They die, even without wisdom - That is, before they become truly wise. The object is to show, that people are so short-lived compared with angels, that they have no opportunity to become distinguished for wisdom. Their days are few; and however careful may be their observation, before they have had time to become truly wise they are hurried away. They are, therefore, wholly disqualified to sit in judgment on the doings of God, and to arraign, as Job had done, the divine wisdom.
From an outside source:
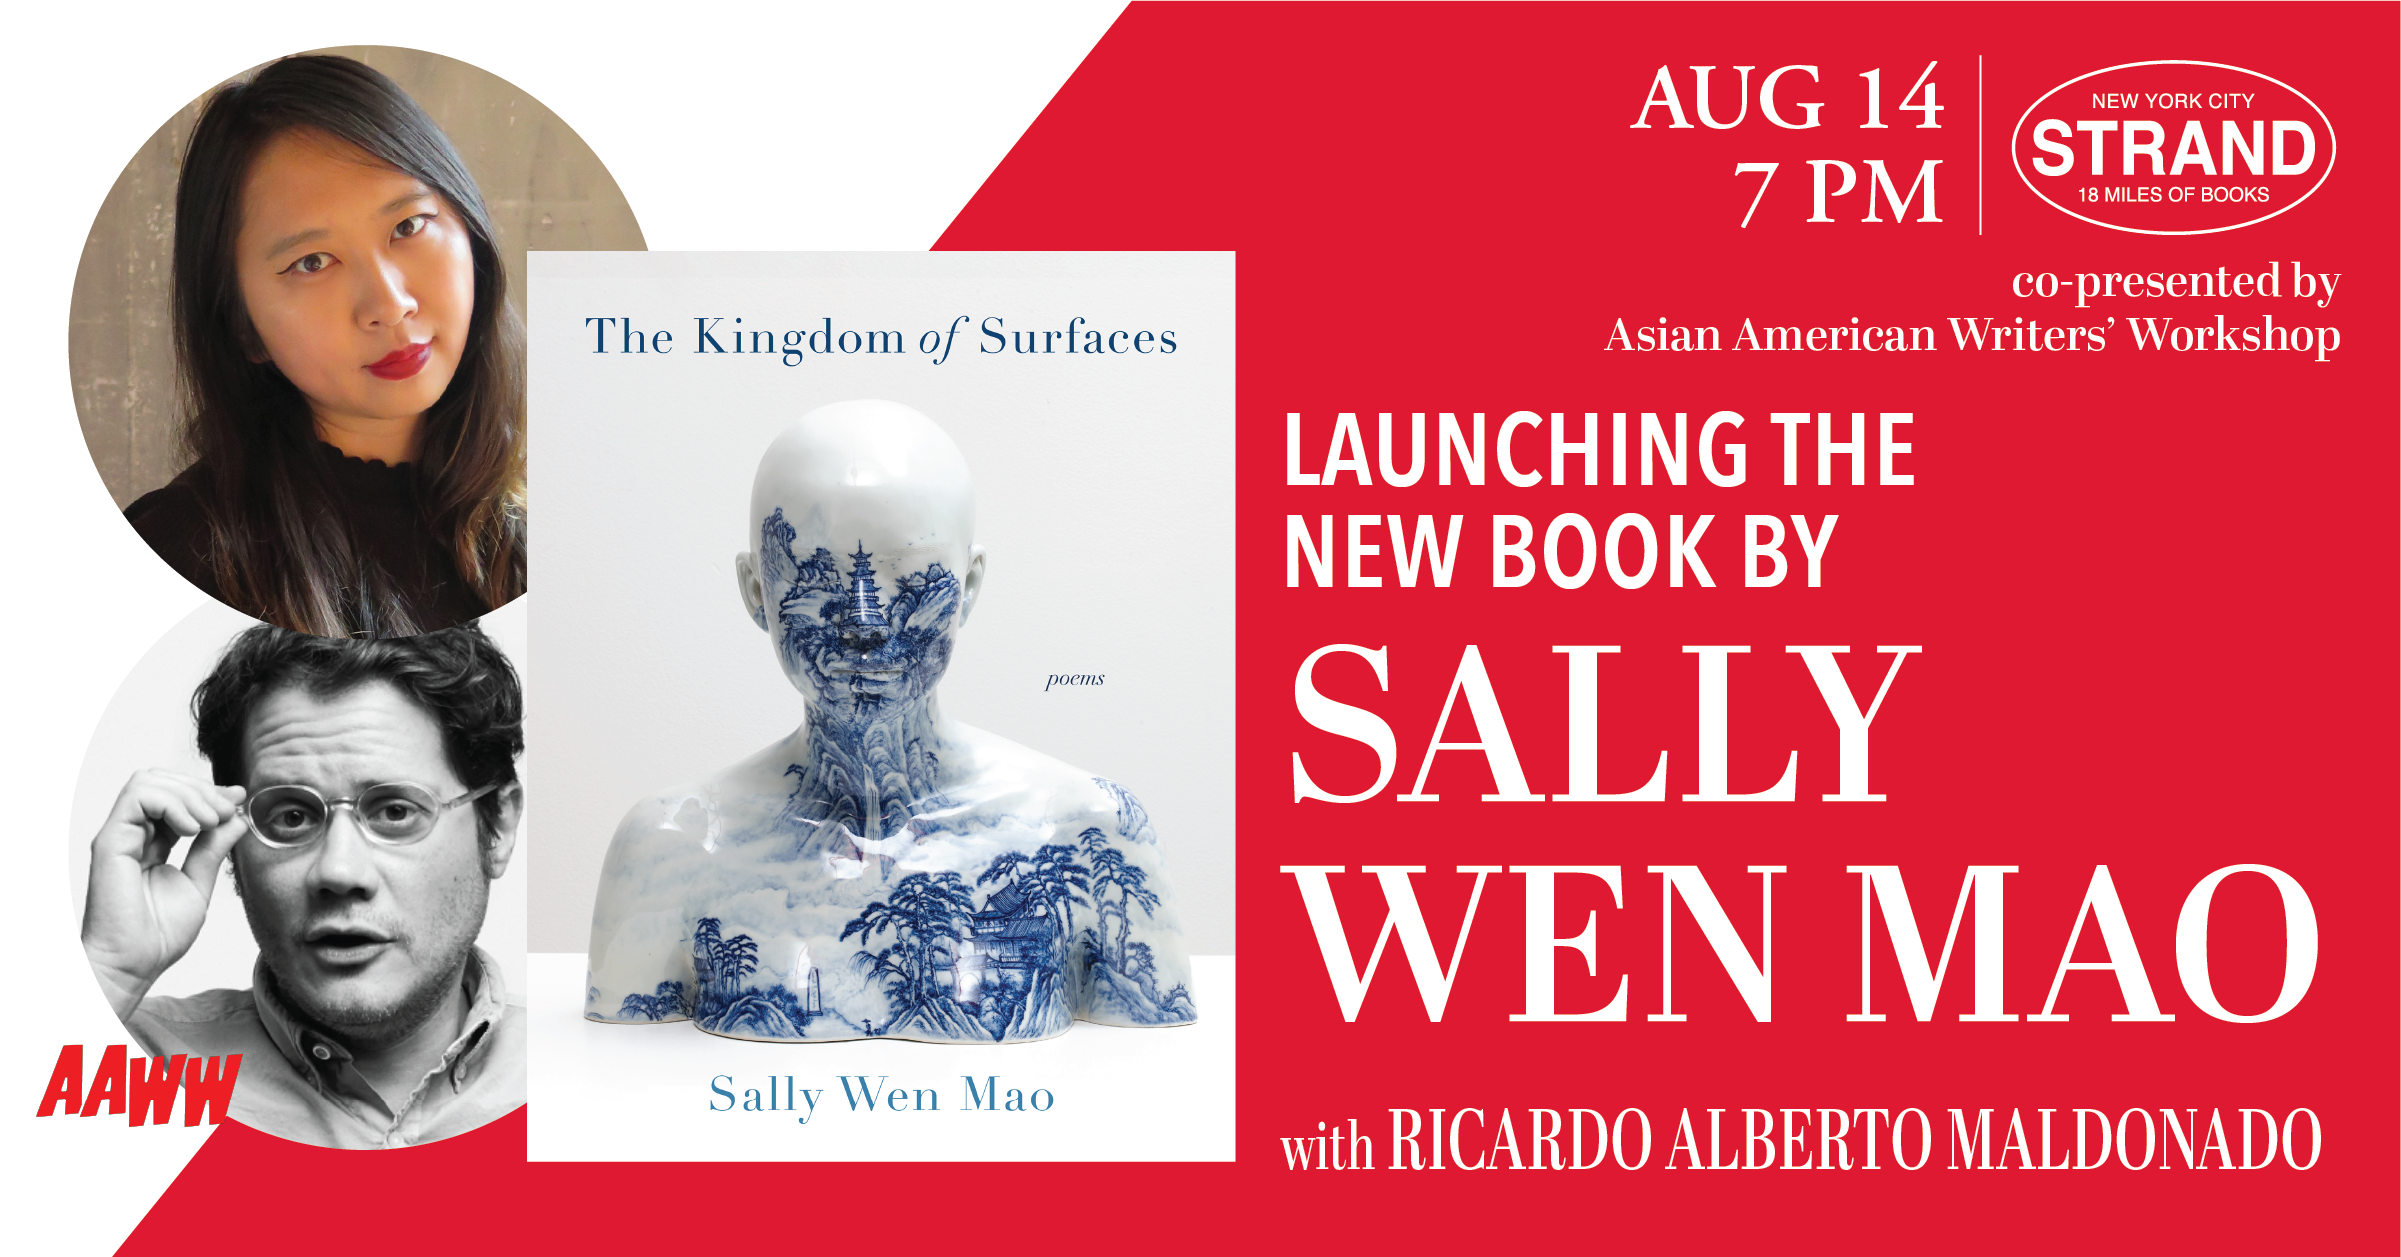 AAWW & The Strand Present: Sally Wen Mao's The Kingdom of Surfaces
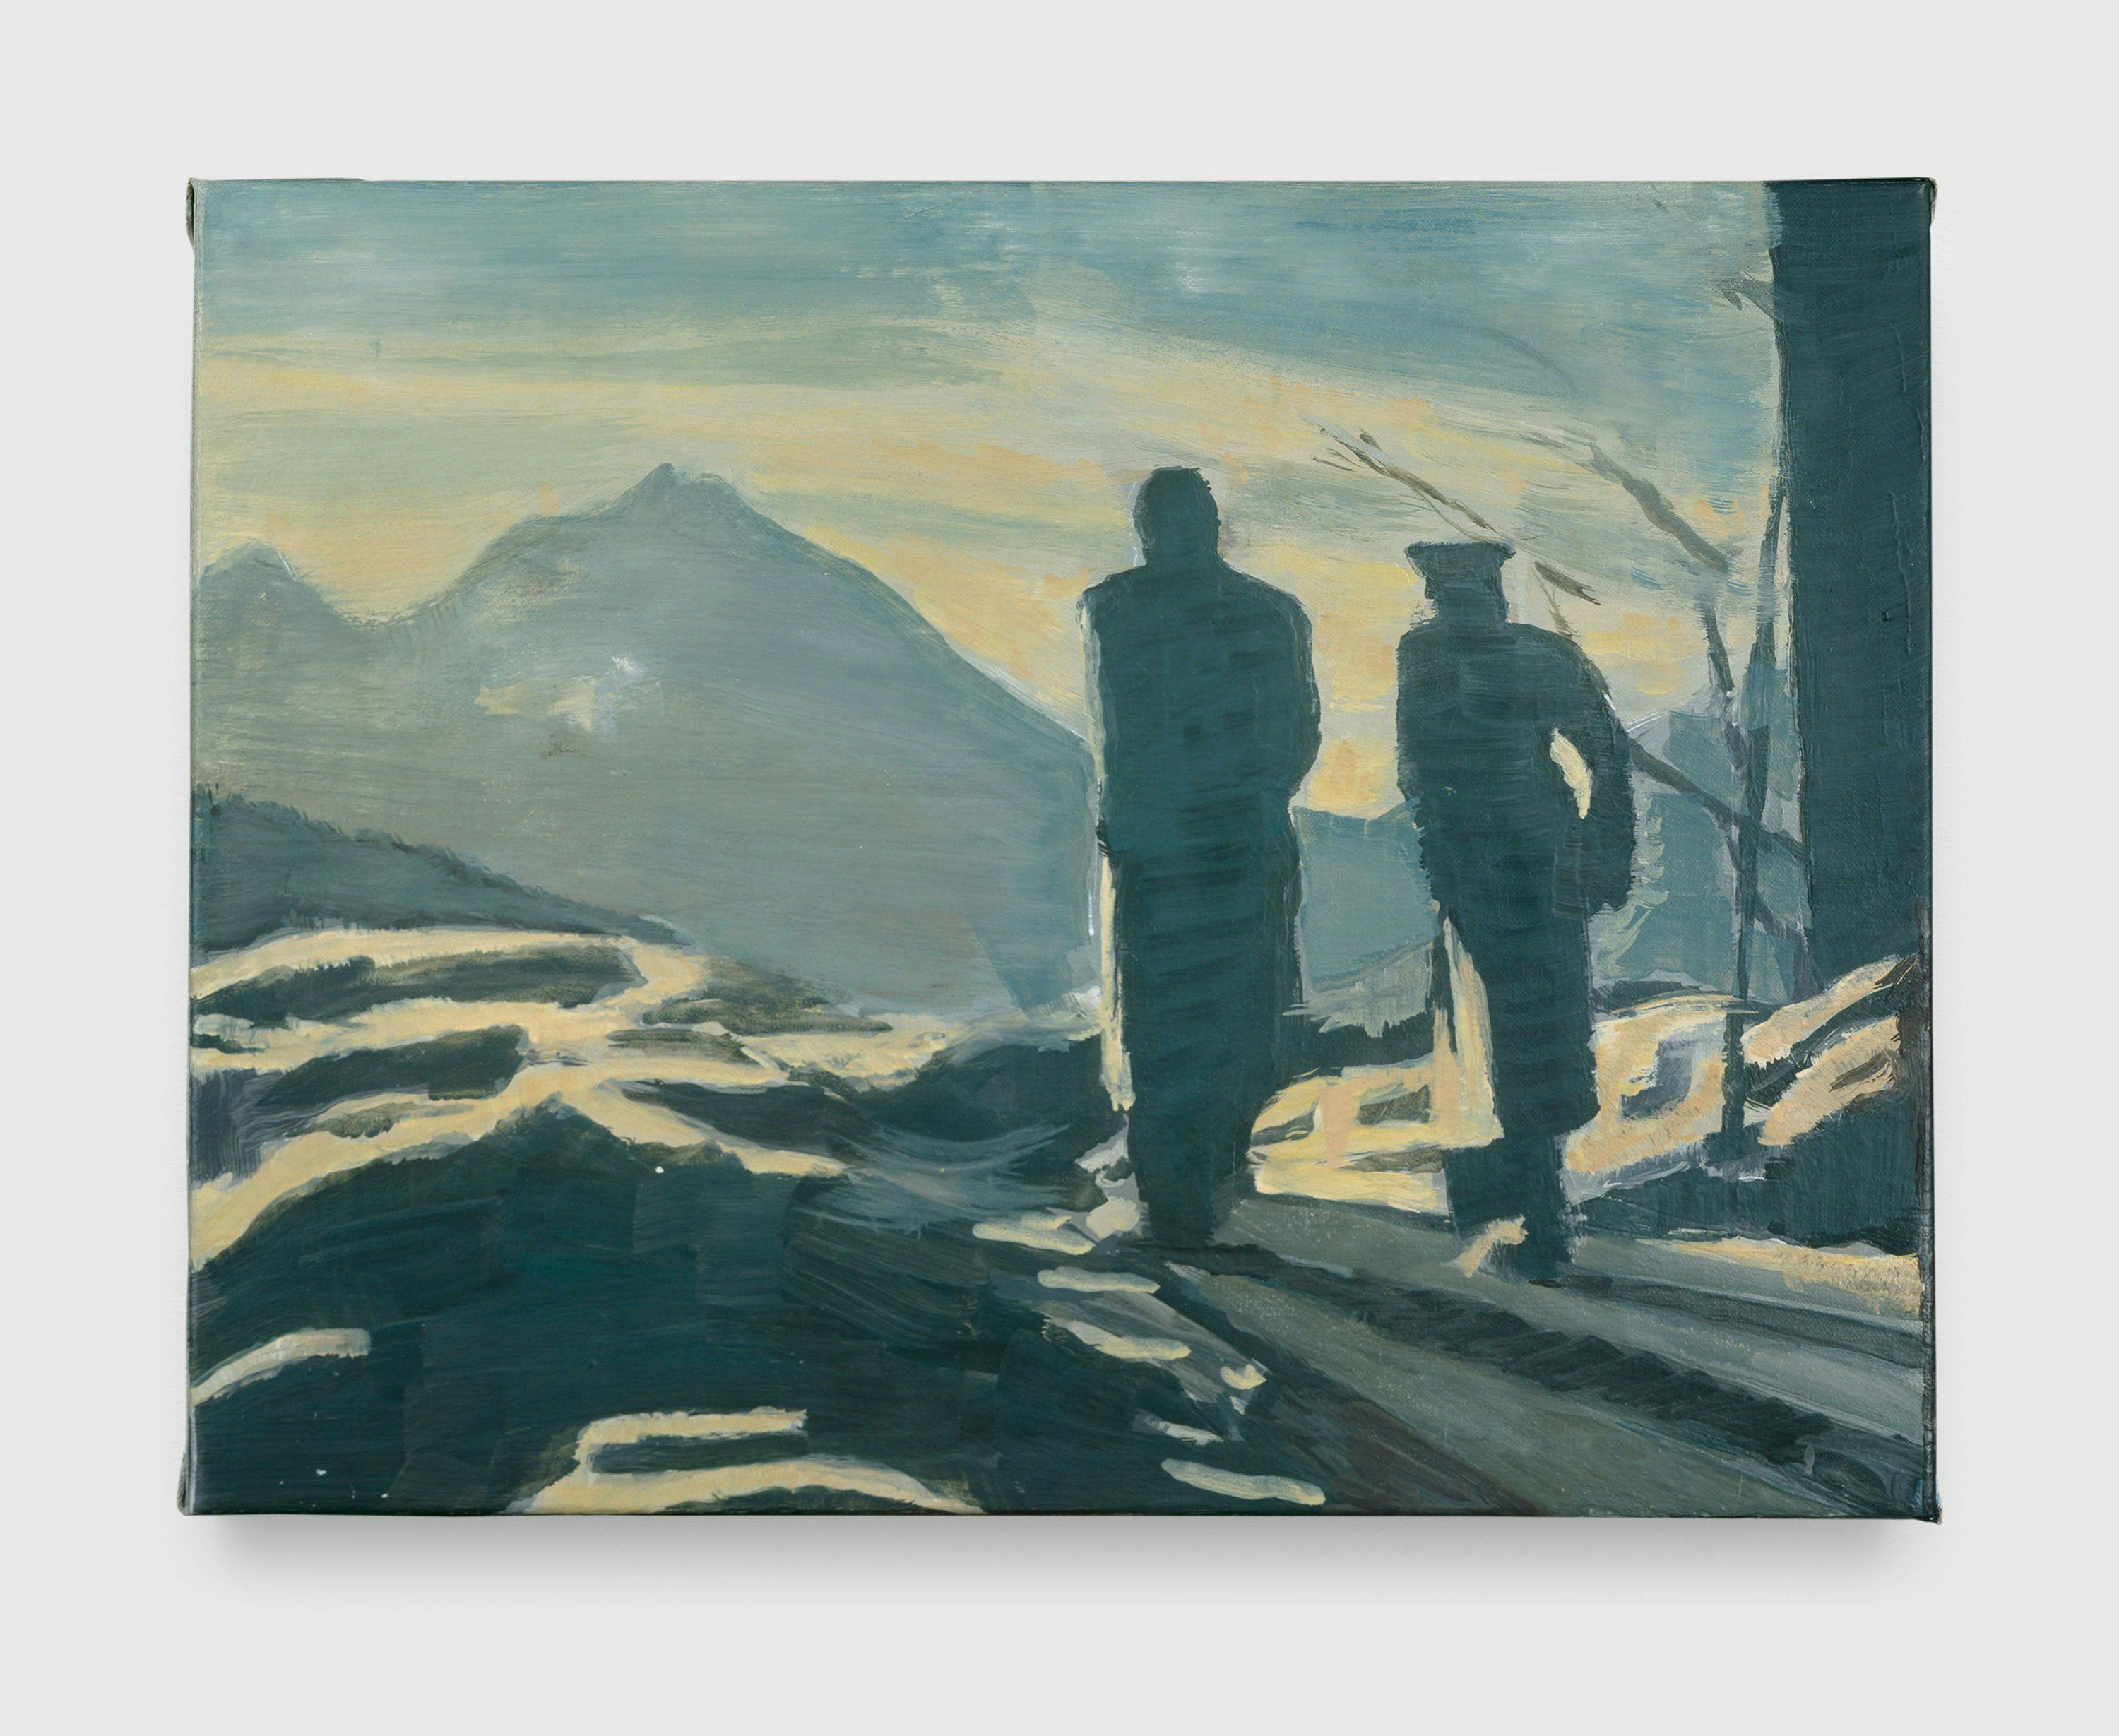 A painting by Luc Tuymans, titled De Wandeling, dated 1991.

Here closes the oracle which was addressed to Eliphaz. It is a description of unrivaled sublimity. In the sentiments that were addressed to Eliphaz, there is nothing that is contradictory to the other communications which God has made to people, or to what is taught by reason. Every reader of this passage must feel that the thoughts are singularly sublime, and that they are such as are adapted to make a deep impression on the mind. The error in Eliphaz consisted in the application which he makes of them to Job, and in the inference which he draws, that he must have been a hypocrite. This inference is drawn in the following chapter. As the oracle stands here, it is pertinent to the argument which Eliphaz had commenced, and just fitted to furnish a reproof to Job for the irreverent manner in which he had spoken, and the complaints which he had brought Job 3 against the dealings of God. Let us learn from the oracle:

(1) That man cannot be more just than God; and let this be an abiding principle of our lives;

(2) Not to complain at his dispensations, but to confide in his superior wisdom and goodness;

(3) That our opportunities of observation, and our rank in existence, are as nothing compared with those of the angels, who are yet so inferior to God as to be charged with folly;

(4) That our foundation is in the dust, and that the most insignificant object may sweep us away; and

(5) That in these circumstances humility becomes us.

Our proper situation is in the dust; and whatever calamities may befall us, we should confide in God, and feel that he is qualified to direct our affairs, and the affairs of the universe.

21. their excellency—(Ps 39:11; 146:4; 1Co 13:8). But Umbreit, by an Oriental image from a bow, useless because unstrung: "Their nerve, or string would be torn away." Michaelis, better in accordance with Job 4:19, makes the allusion be to the cords of a tabernacle taken down (Isa 33:20).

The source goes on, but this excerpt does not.